- French: Que Dieu bénisse l'Amérique
- Directed by: Robert Morin
- Written by: Robert Morin
- Produced by: Réal Chabot
- Starring: Gildor Roy Sylvie Léonard Sylvain Marcel
- Cinematography: Jean-Pierre St-Louis
- Edited by: Lorraine Dufour
- Music by: Bertand Chénier
- Production company: Coop Vidéo de Montréal
- Distributed by: Christal Films
- Release date: February 17, 2006 (RVCQ);
- Running time: 110 minutes
- Country: Canada
- Language: French

= May God Bless America =

May God Bless America (Que Dieu bénisse l'Amérique) is a Canadian drama film, directed by Robert Morin and released in 2006. A critique of suburban values and lifestyles, the film stars Gildor Roy as Maurice Ménard, a police inspector in Laval, Quebec who is investigating a spate of murders of suspected sex offenders on September 11, 2001, in a community that is largely wrapped up in its own petty dramas with virtually everybody remaining oblivious to or unconcerned about the concurrent September 11 attacks in New York City.

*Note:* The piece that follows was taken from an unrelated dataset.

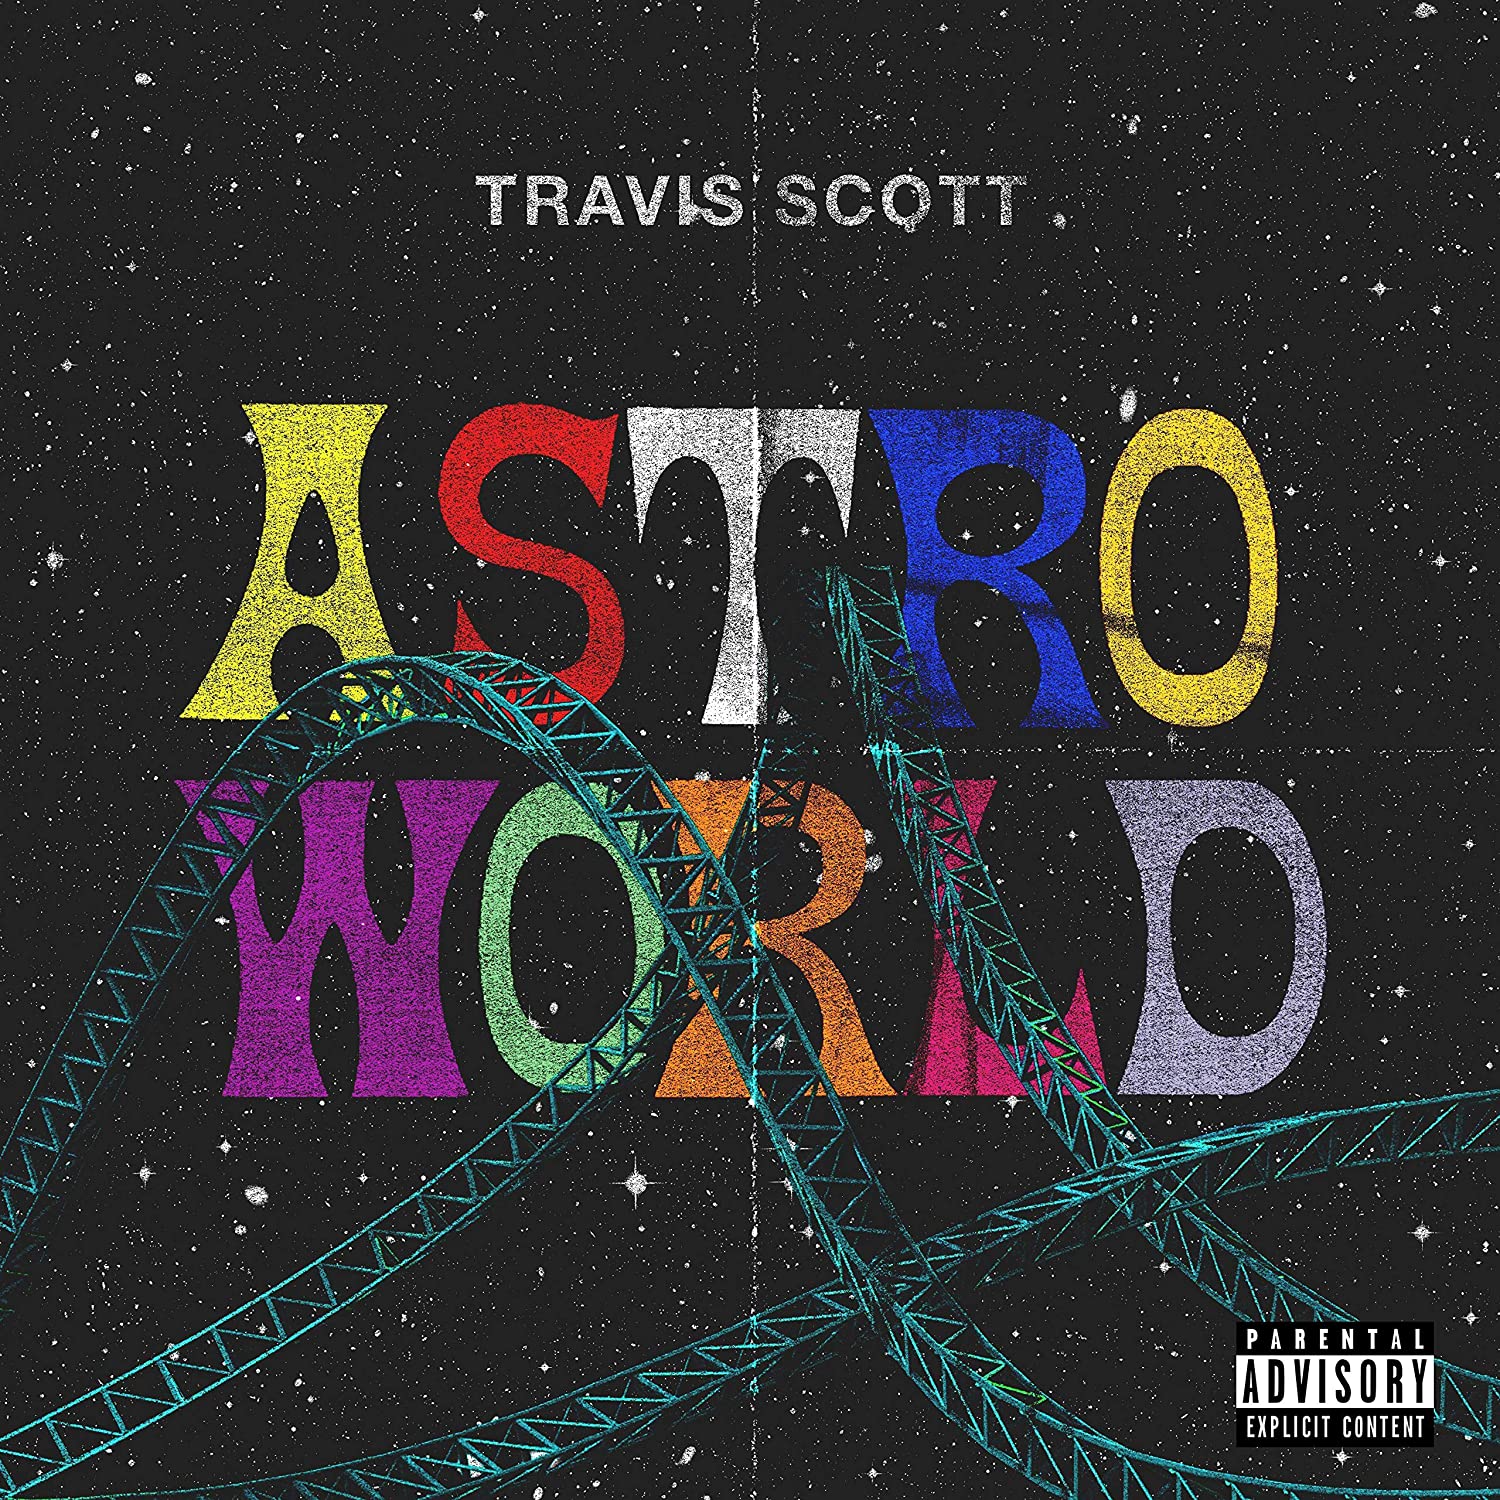 Buy Astroworld Unframed 20x20 Inches Art Poster Print Astroworld Merch

The cast also includes Normand D'Amour, René-Daniel Dubois, Patrice Dussault, Gaston Lepage, Sylvie Léonard, Sylvain Marcel, Dominique Quesnel, Jean-Guy Bouchard and Benoît Rousseau.

Morin described the film as having been inspired in part by Albert Camus's novel The Stranger, with themes around the danger of individuality taken to extremes.

The film premiered on February 17, 2006 at the Rendez-vous du cinéma québécois.

==Awards==

Morin received a Prix Iris nomination for Best Screenplay at the 9th Jutra Awards in 2007.